Re: Count based triggers and latency

Posted by Kenneth Knowles <ke...@apache.org>.
Another thing to keep in mind - apologies if it was already clear:
triggering governs aggregation (GBK / Combine). It does not have any effect
on stateful DoFn.

On Mon, Oct 12, 2020 at 9:24 AM Luke Cwik <lc...@google.com> wrote:

> The default trigger will only fire when the global window closes which
> does happen with sources whose watermark goes > GlobalWindow.MAX_TIMESTAMP
> or during pipeline drain with partial results in streaming. Bounded sources
> commonly have their watermark advance to the end of time when they complete
> and some unbounded sources can stop producing output if they detect the end.
>
> Parallelization for stateful DoFns are per key and window. Parallelization
> for GBK is per key and window pane. Note that  elementCountAtLeast means
> that the runner can buffer as many as it wants and can decide to offer a
> low latency pipeline by triggering often or better throughput through the
> use of buffering.
>
>
>
> On Mon, Oct 12, 2020 at 8:22 AM KV 59 <kv...@gmail.com> wrote:
>
>> Hi All,
>>
>> I'm building a pipeline to process events as they come and do not really
>> care about the event time and watermark. I'm more interested in not
>> discarding the events and reducing the latency. The downstream pipeline has
>> a stateful DoFn. I understand that the default window strategy is Global
>> Windows,. I did not completely understand the default trigger as per
>>
>> https://beam.apache.org/releases/javadoc/2.23.0/org/apache/beam/sdk/transforms/windowing/DefaultTrigger.html
>> it says Repeatedly.forever(AfterWatermark.pastEndOfWindow()), In case of
>> global window how does this work (there is no end of window)?.
>>
>> My source is Google PubSub and pipeline is running on Dataflow runner I
>> have defined my window transform as below
>>
>> input.apply(TRANSFORM_NAME, Window.<T>into(new GlobalWindows())
>>> .triggering(Repeatedly.forever(AfterPane.elementCountAtLeast(1)))
>>> .withAllowedLateness(Duration.standardDays(1)).discardingFiredPanes())
>>
>>
>> A couple of questions
>>
>>    1. Is triggering after each element inefficient in terms of
>>    persistence(serialization) after each element and also parallelism
>>    triggering after each looks like a serial execution?
>>    2. How does Dataflow parallelize in such cases of triggers?
>>
>>
>> Thanks and appreciate the responses.
>>
>> Kishore
>>
>

Re: Count based triggers and latency

Posted by Luke Cwik <lc...@google.com>.
The default trigger will only fire when the global window closes which does
happen with sources whose watermark goes > GlobalWindow.MAX_TIMESTAMP or
during pipeline drain with partial results in streaming. Bounded sources
commonly have their watermark advance to the end of time when they complete
and some unbounded sources can stop producing output if they detect the end.

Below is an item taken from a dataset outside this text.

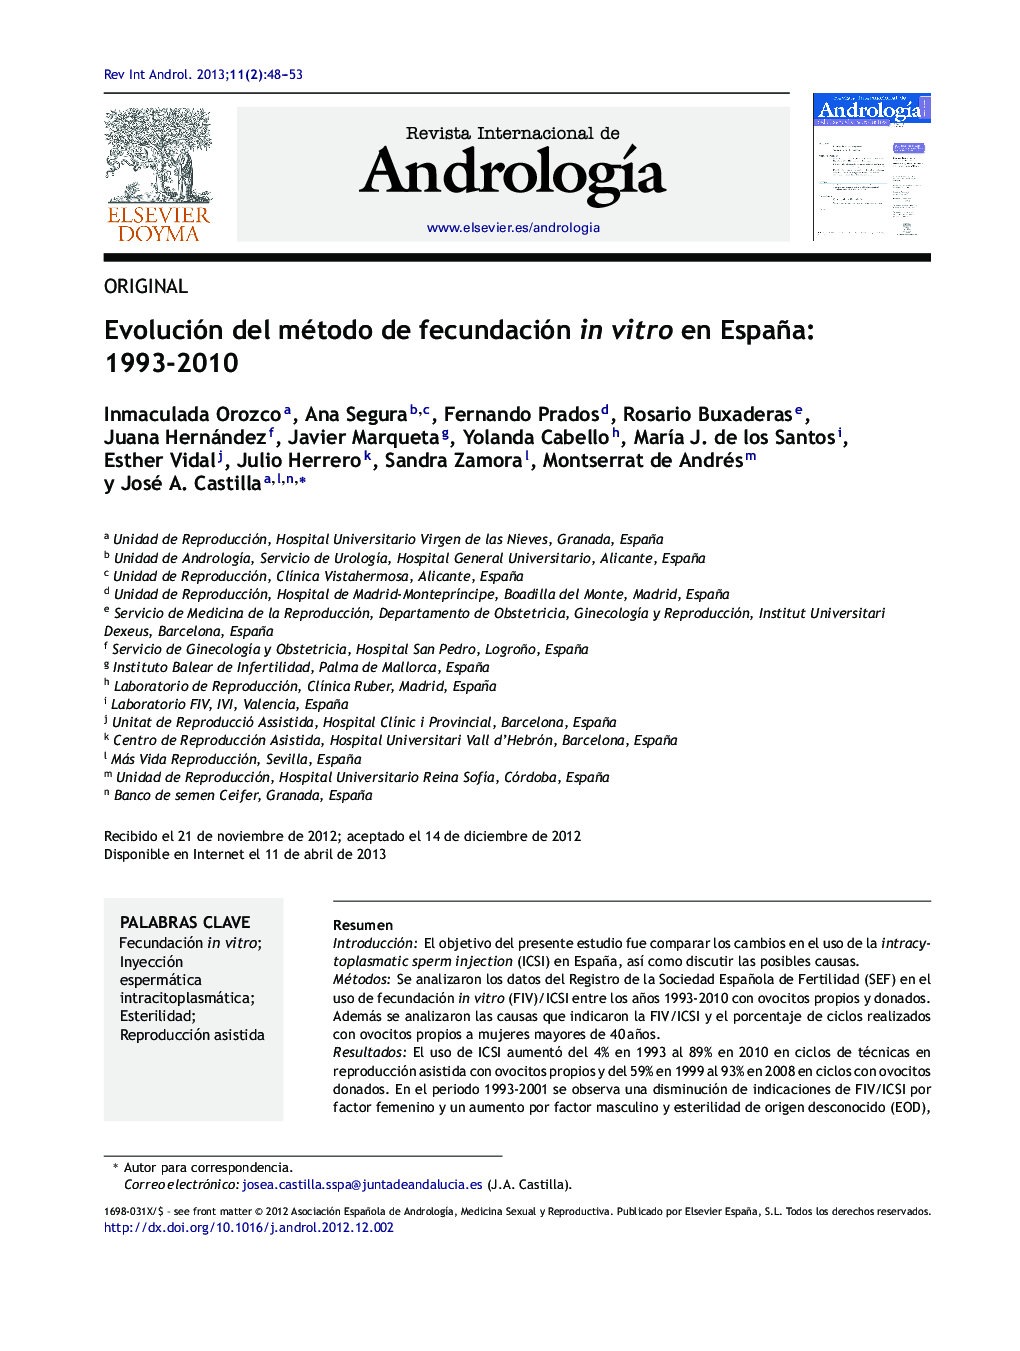 Evolución del método de fecundación in vitro en España: 1993-2010

Parallelization for stateful DoFns are per key and window. Parallelization
for GBK is per key and window pane. Note that  elementCountAtLeast means
that the runner can buffer as many as it wants and can decide to offer a
low latency pipeline by triggering often or better throughput through the
use of buffering.



On Mon, Oct 12, 2020 at 8:22 AM KV 59 <kv...@gmail.com> wrote:

> Hi All,
>
> I'm building a pipeline to process events as they come and do not really
> care about the event time and watermark. I'm more interested in not
> discarding the events and reducing the latency. The downstream pipeline has
> a stateful DoFn. I understand that the default window strategy is Global
> Windows,. I did not completely understand the default trigger as per
>
> https://beam.apache.org/releases/javadoc/2.23.0/org/apache/beam/sdk/transforms/windowing/DefaultTrigger.html
> it says Repeatedly.forever(AfterWatermark.pastEndOfWindow()), In case of
> global window how does this work (there is no end of window)?.
>
> My source is Google PubSub and pipeline is running on Dataflow runner I
> have defined my window transform as below
>
> input.apply(TRANSFORM_NAME, Window.<T>into(new GlobalWindows())
>> .triggering(Repeatedly.forever(AfterPane.elementCountAtLeast(1)))
>> .withAllowedLateness(Duration.standardDays(1)).discardingFiredPanes())
>
>
> A couple of questions
>
>    1. Is triggering after each element inefficient in terms of
>    persistence(serialization) after each element and also parallelism
>    triggering after each looks like a serial execution?
>    2. How does Dataflow parallelize in such cases of triggers?
>
>
> Thanks and appreciate the responses.
>
> Kishore
>